A Netflix colheu os frutos, com o seu conteúdo original a tornar "a plataforma que impulsionou o maior aumento na procura global por anime em 2021", disse Christofer Hamilton, da Parrot Analytics, com sede nos EUA.
Impulso "experimental"
Mas mesmo os Golias de streaming com influência mundial têm números de audiência comparativamente pequenos no Japão.
Isto levanta bandeiras vermelhas para alguns participantes do setor, especialmente editores que desejam exposição máxima para adaptações de anime dos seus títulos de manga e temem que acordos de streaming exclusivos limitem o seu alcance no Japão.
Há "um choque de dois interesses opostos - entre plataformas que querem mais exclusivos e participantes do comité de produção que querem o mínimo de monopólio (para serviços de streaming) possível", disse o especialista em anime Sudo.

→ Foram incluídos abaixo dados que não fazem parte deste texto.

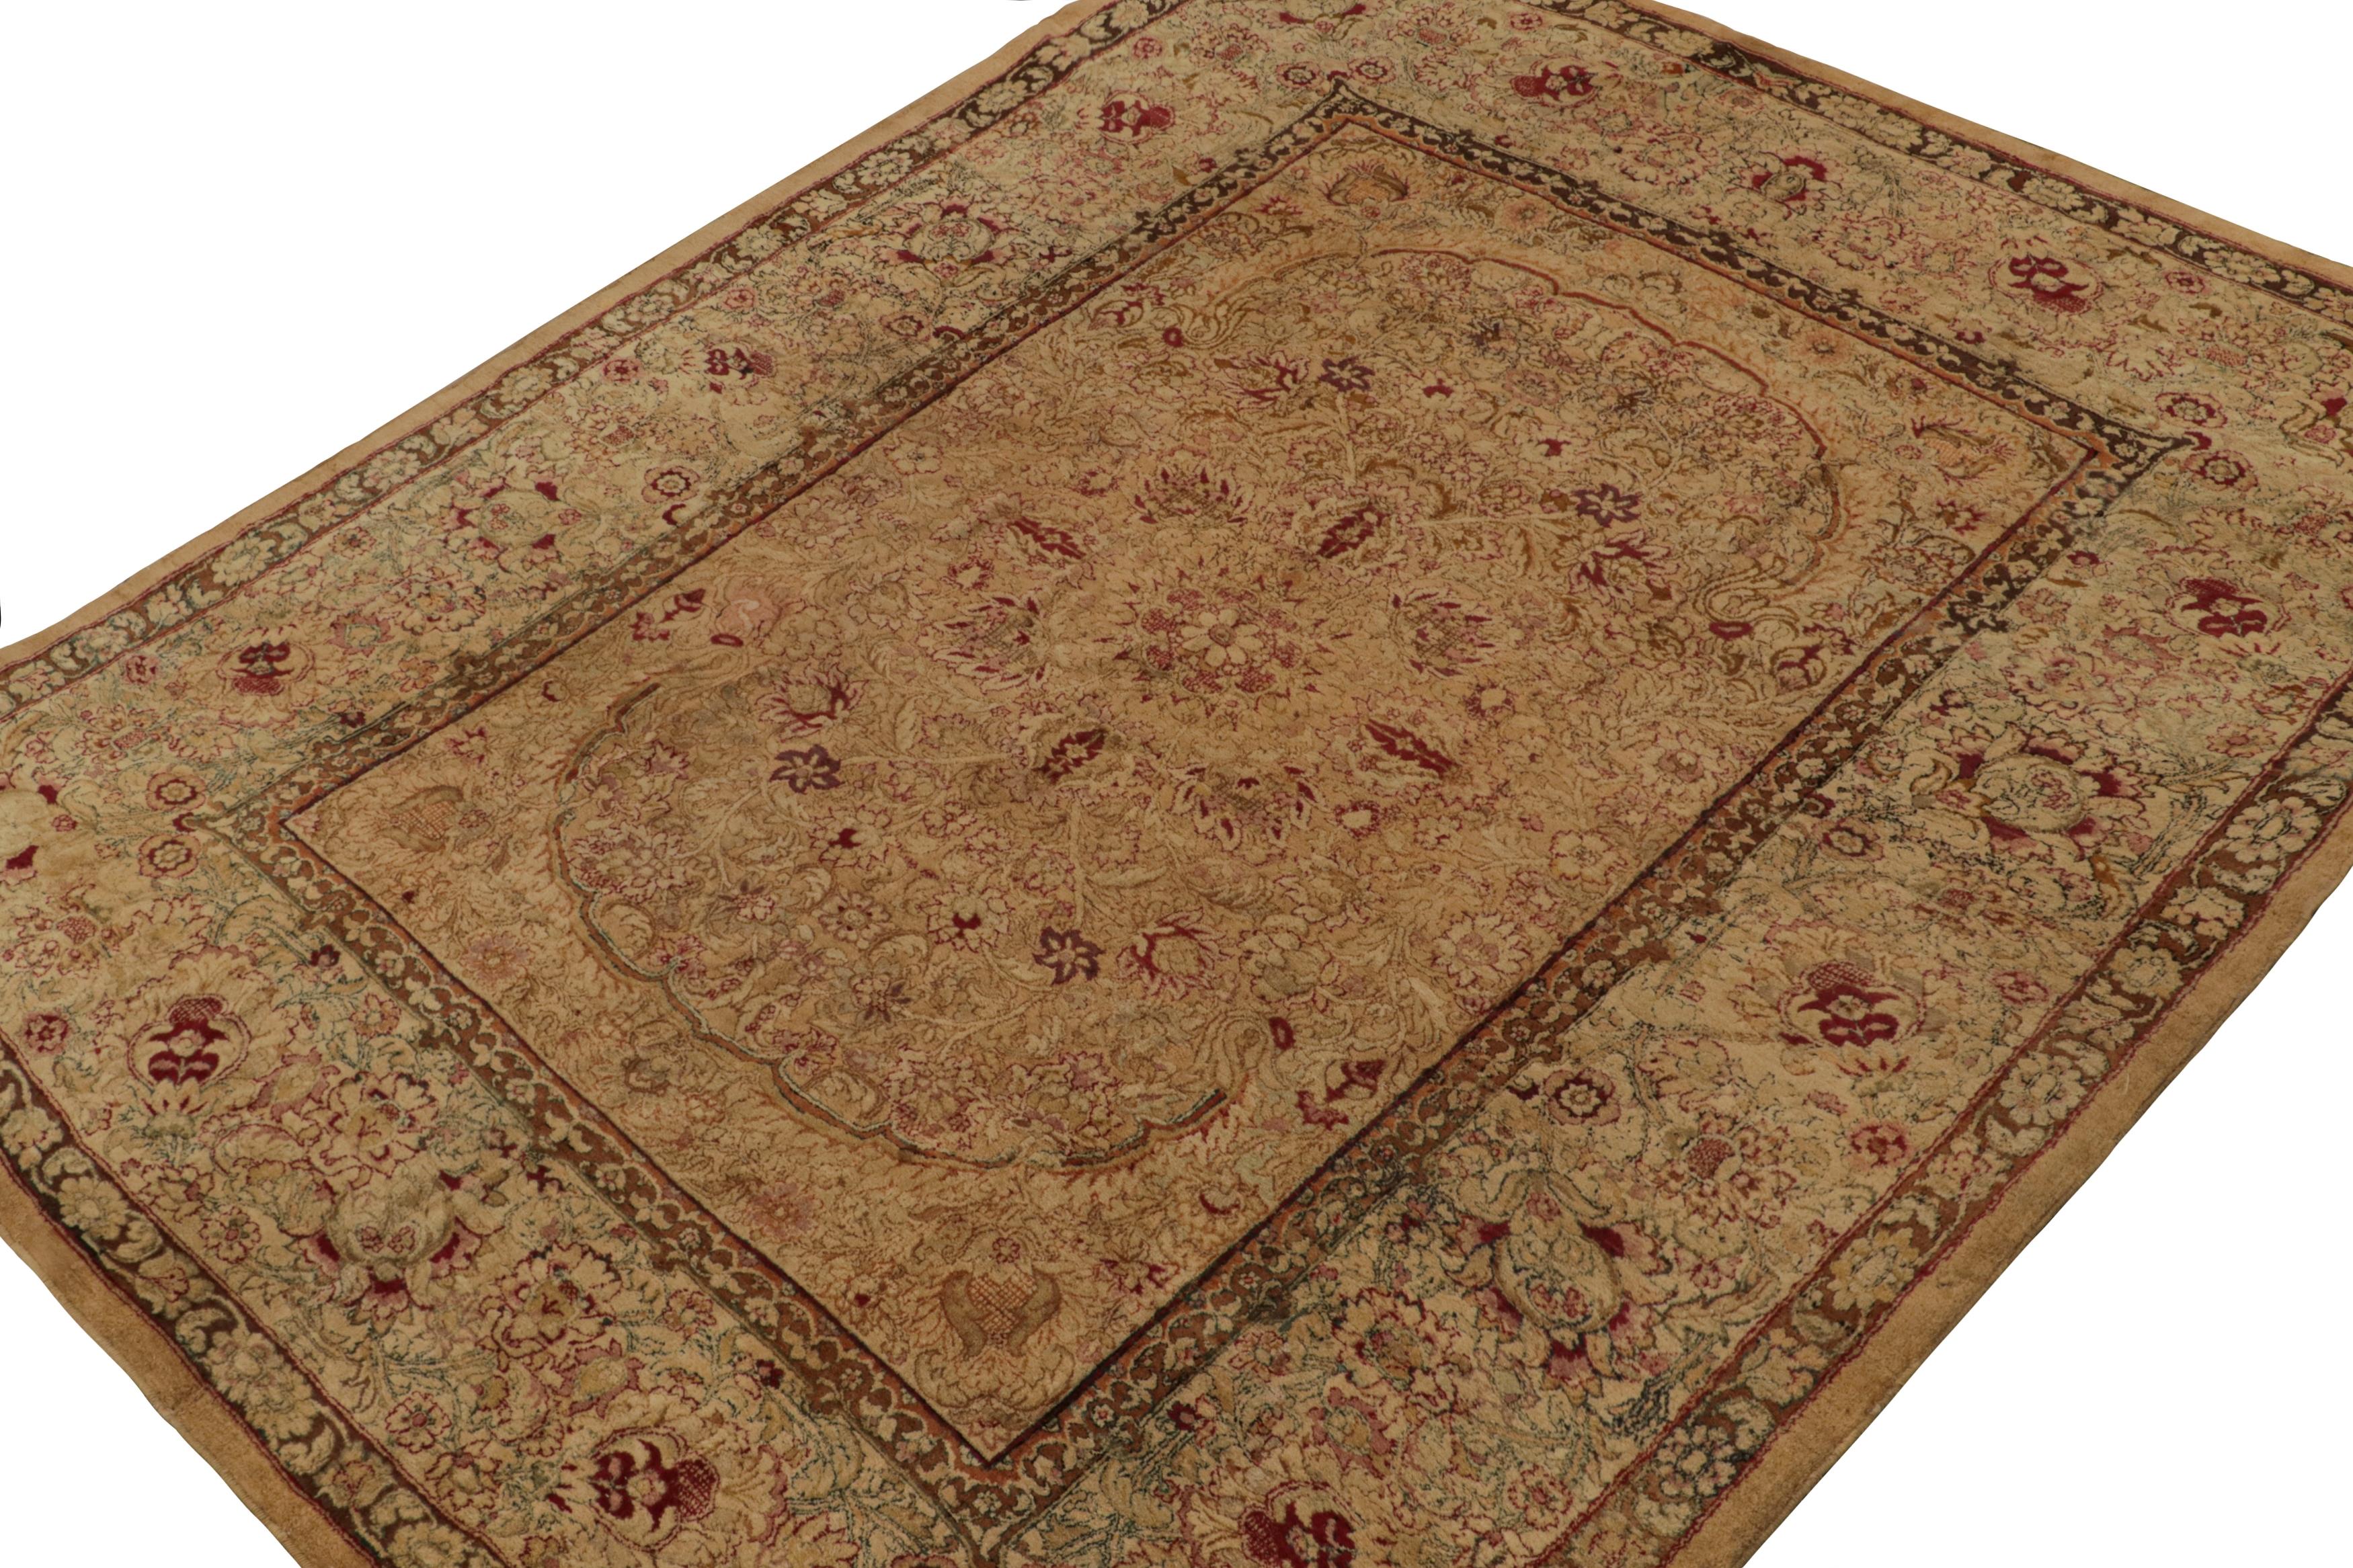 A very special rug for its design and detail for the 19th century period, this 9x11 antique Agra rug, in brown and gold field, with floral patterns in beige, red and green tones, is in a pristine condition, making it a rare masterpiece. 

On the

Especialistas dizem que este conflito geralmente leva a acordos originais da Netflix baseados em obras com menor hipóteses de se tornarem sensações nacionais, como "Demon Slayer".
Nenhum dos animes originais da Netflix entrou na lista dos 20 mais vistos pelos subscritores do Japão em 2022, de acordo com Shota Ito, analista sénior da GEM Partners.
No entanto, a plataforma é uma perspetiva atraente para estúdios com projetos comercialmente mais desafiadores que o mercado tradicional pode achar demasiado nicho.
O conteúdo original inicial da Netflix refletia isso e predominavam programas que, segundo os críticos, evocavam o anime de ficção científica 'hardcore' de algumas décadas atrás.
Entre eles estava "Devilman Crybaby", a história de um "miúdo demónio" que apresentava violência e nudez em abundância.
"A minha sensação é que os criadores queriam fazer algo connosco que tinham poucas hipóteses de fazer no sistema existente", disse à AFP Taiki Sakurai, o principal responsável da Netflix para o setor do anime.
Este impulso "experimental" inicial deu lugar a uma lista mais ampla, incluindo comédia, "shonen" tradicional voltado para os miúdos e até mesmo um projeto de 'stop-motion' protagonizado por um urso de peluche.
Os fãs de longa data também têm outros serviços a que podem recorrer, incluindo a enorme biblioteca 'online' de anime Crunchyroll.
O diretor de conteúdos da Netflix, Yuji Yamano, está convencido que o mercado está longe de estar saturado e acredita que a concorrência só tornará "a indústria ainda mais emocionante".
"Globalmente, só vejo mais espaço para o crescimento no anime", garante.